The company’s financial outlook is also promising, with expectations for free cash flow (FCF) margin to increase from 18% in calendar year 2025, as per the company’s guidance, to a target of 27% by calendar year 2028. DA Davidson believes this target is achievable and supports the company’s valuation. InvestingPro data shows the company maintains a strong financial health score of 2.61 (labeled as "GOOD"), with more cash than debt on its balance sheet.
While CyberArk’s shares are trading at a premium compared to its peers, which show growth rates of 20-30% and are valued at approximately 10.5 times enterprise value to calendar year 2026 revenue (EV/CY26 Rev) or around 42 times enterprise value to calendar year 2026 free cash flow (EV/CY26 FCF), Kessinger argues that the premium is justified. The durability of CyberArk’s growth and the valuation based on EV/FCF over the next couple of years provide a solid basis for the firm’s confidence in the stock. For a deeper understanding of CyberArk’s valuation and growth prospects, investors can access the comprehensive Pro Research Report, along with 12 additional ProTips, available exclusively on InvestingPro.
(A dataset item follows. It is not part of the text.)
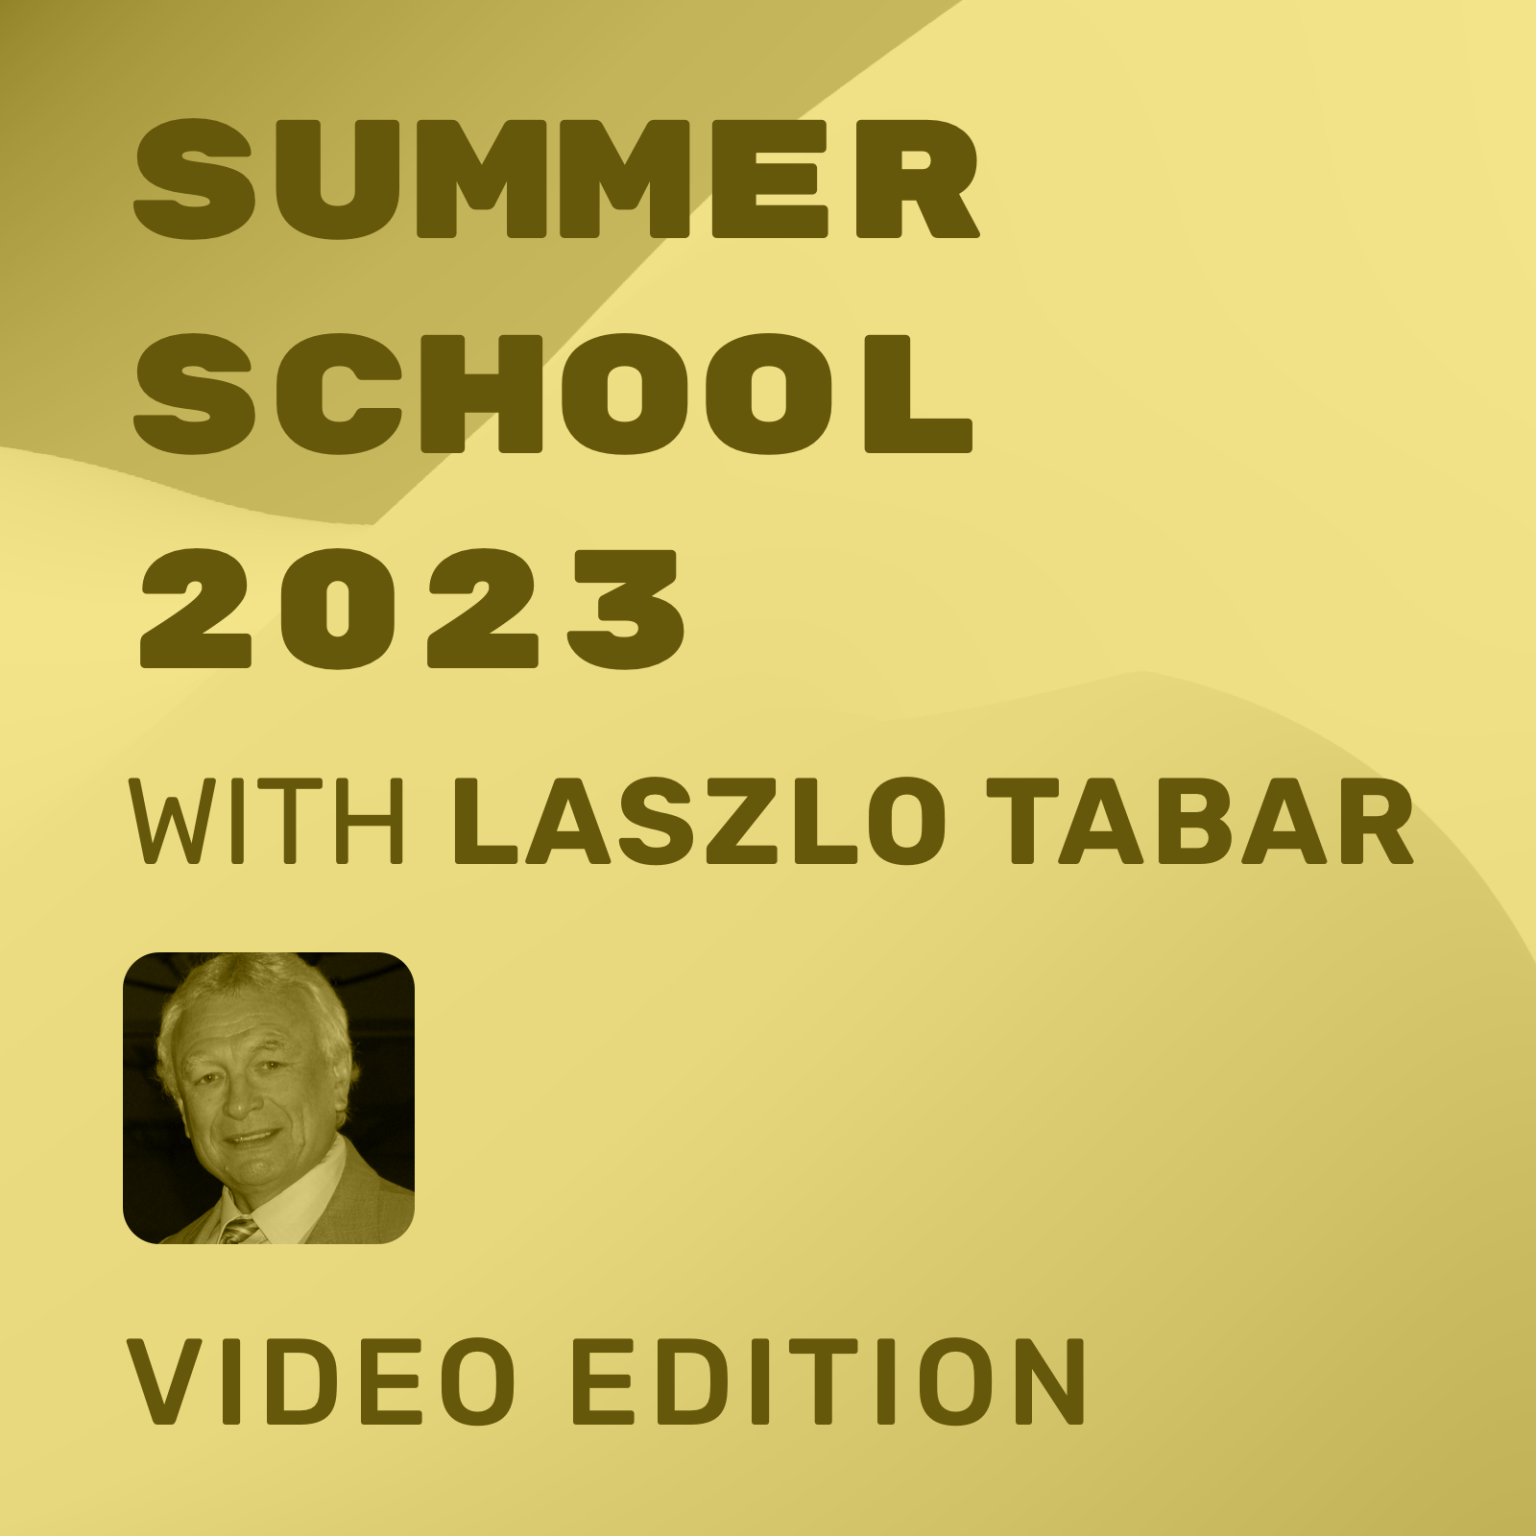 School Of Radiology Summerschool 2023 Video Course 1536x1536

In other recent news, CyberArk Software has been the focus of various analyst assessments, reflecting confidence in its financial performance and strategic initiatives. Stifel analysts have maintained a Buy rating with a $444 price target, citing CyberArk’s growth in machine identity security and its robust fourth-quarter earnings. Meanwhile, Cantor Fitzgerald adjusted its price target to $400, maintaining an Overweight rating, as they recognize CyberArk’s leadership in identity security and its strategic expansion into areas like Cloud Security and DevSecOps. Citi analysts raised their price target to $450, reiterating a Buy rating, following CyberArk’s analyst day where the company set financial targets for 2028, including a compound annual growth rate for revenue of less than 20%.
Truist Securities also reaffirmed a Buy rating with a $450 price target, praising CyberArk’s innovation and its ability to capitalize on market trends such as Zero Trust security frameworks. CyberArk’s transition to a subscription/SaaS model is noted by Cantor Fitzgerald as a positive shift that could enhance operating leverage. The company is expected to benefit from the increasing importance of securing machine identities, as highlighted by Truist. Stifel’s analysis points to emerging growth areas like Machine Identity and Identity Governance, suggesting significant prospects for CyberArk. These recent developments underscore the company’s strategic direction and its potential for continued growth in the cybersecurity sector.